Need Quality Code? Get Silver Backed

Spatial Search in Lucene.Net - Worked Example

1stApr

0

by Gary H

We've received a lot of contact over the Spatial Search in Lucene.Net article that we published earlier this year. In this article we revisit the Spatial framework and use a worked example to explore its usage.

Getting started

We start by creating a console application for our example. Give it a reasonable name (I chose LuceneSpatialExample), ensure you are targetting the .Net Framework 4.0 and create it. The next step is to reference the Lucene packages we care about. We're going to use the same versions of Spatial as we did in the previous article (2.9.4.1) so using the Package Manager run:

Install-Package Lucene.Net -Version 2.9.4.1
Install-Package Lucene.Net.Contrib -Version 2.9.4.1

Modelling Locations

Spatial search requires locations to search against. In the interests of making this example as useful as possible, we're going to model our locations in a manner that may be seen in the wild in existing systems. We start by creating a Location class:

using System;
using System.Collections.Generic;
using System.Linq;
using System.Text;

namespace LuceneSpatialExample
{
    public class Location
    {
        public int? Id { get; set; }
        public string Name { get; set; }
        public Coordinate Coordinates { get; set; }

        public Location()
        {
            
        }

        public Location(int id, string name, Coordinate cord)
        {
            Id = id;
            Name = name;
            Coordinates = cord;
        }
    }
}

Note that theLocation has an Id, a name and a Coordinate. The coordinate models latitude and longitude and is the next class we create:

namespace LuceneSpatialExample
{
    public class Coordinate
    {
        public double Latitude { get; set; }
        public double Longitude { get; set; }

        public Coordinate()
        {
            
        }

        public Coordinate(double latitude, double longitude)
        {
            Latitude = latitude;
            Longitude = longitude;
        }
    }
}

Finally we want a nice data access mechanism so we'll use a very simple repository for our example and pre-populate it with some locations:

using System.Collections.Generic;
using System.Linq;

namespace LuceneSpatialExample
{
    public static class LocationRepository
    {
        private static readonly List<Location> Locations = 
          new List<Location>(new[]
            {
                new Location(1, "Buffalo", 
                            new Coordinate(45.17614, -93.87341)),
                new Location(2, "New York", 
                            new Coordinate(40.7143, -74.006)),
                new Location(3, "San Francisco", 
                            new Coordinate(37.7752, -122.4232)),
            }); 

        public static IEnumerable<Location> All()
        {
            return Locations;
        }

        public static Location Get(int id)
        {
            return Locations.FirstOrDefault(l => l.Id == id);
        }

        public static IEnumerable<Location> GetMany(params int[] ids)
        {
            return Locations.Where(l => l.Id.HasValue && 
                                  ids.Contains(l.Id.Value)).ToList();
        }
    }
}

Building a Search Engine

We know what our locations look like and we have modelled our lat/long coordinates so the next step is to build our Search Engine. This is the meat of our work in the example so we'll split it up. To begin with we will create all the gruntwork shared properties that we need to perform a search. We create a SearchEngine class and then within it we create structs to strongly name the fields that we want to index in our search documents.

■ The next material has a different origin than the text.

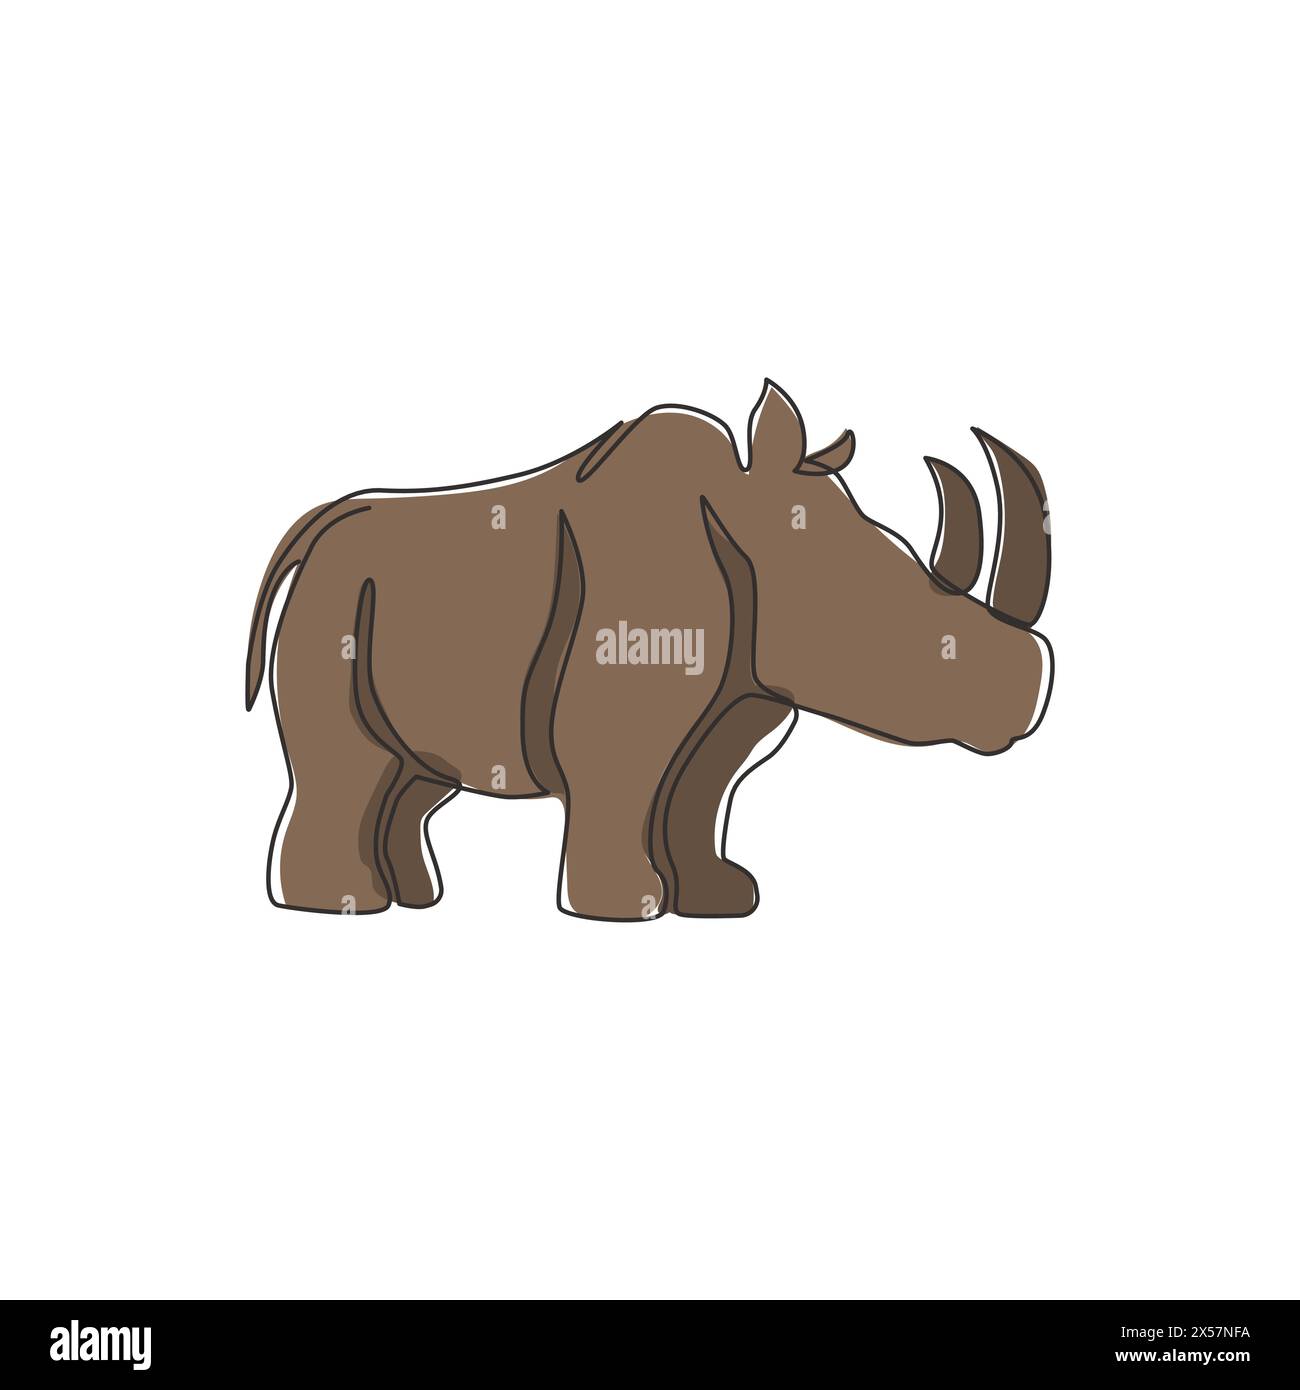 Un dessin d'une seule ligne de rhinocéros forts pour l'identité du logo du parc national de conservation. Concept de mascotte d'animaux de grand rhinocéros africain pour le zoo national sa Illustration de Vecteur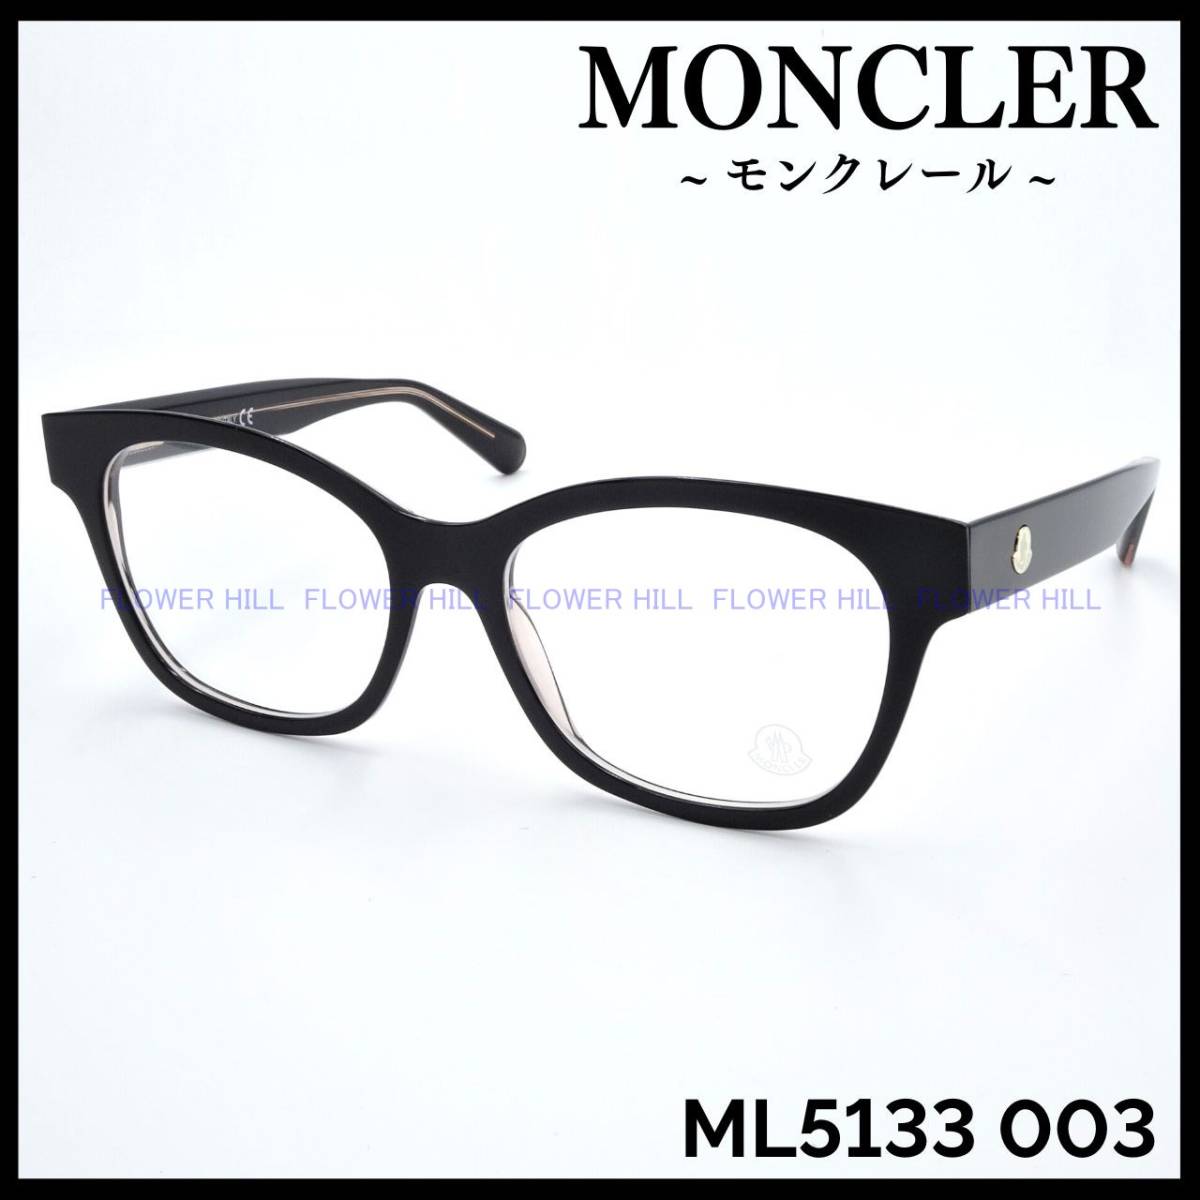 【新品・送料無料】 モンクレール MONCLER メガネ ML5133 003 ブラック イタリア製 メンズ レディース

namespace LuceneSpatialExample
{
    public class SearchEngine
    {
        public struct Fields
        {
            public const string Latitude = "latitude";
            public const string Longitude = "longitude";
            public const string HasGeoCode = "hasGeoCode";
            public const string Name = "name";
            public const string Id = "id";
            public const string LocationTierPrefix = "LocTierPrefix_";
        }

        public struct FieldFlags
        {
            public const string HasField = "true";
            public const string DoesNotHasField = "false";
        }        
    }
}

This will make it easier for us to refer to fields consistently whenever we interact with them. Next up is to add the constants, fields and properties for spatial search as outlined in the previous article.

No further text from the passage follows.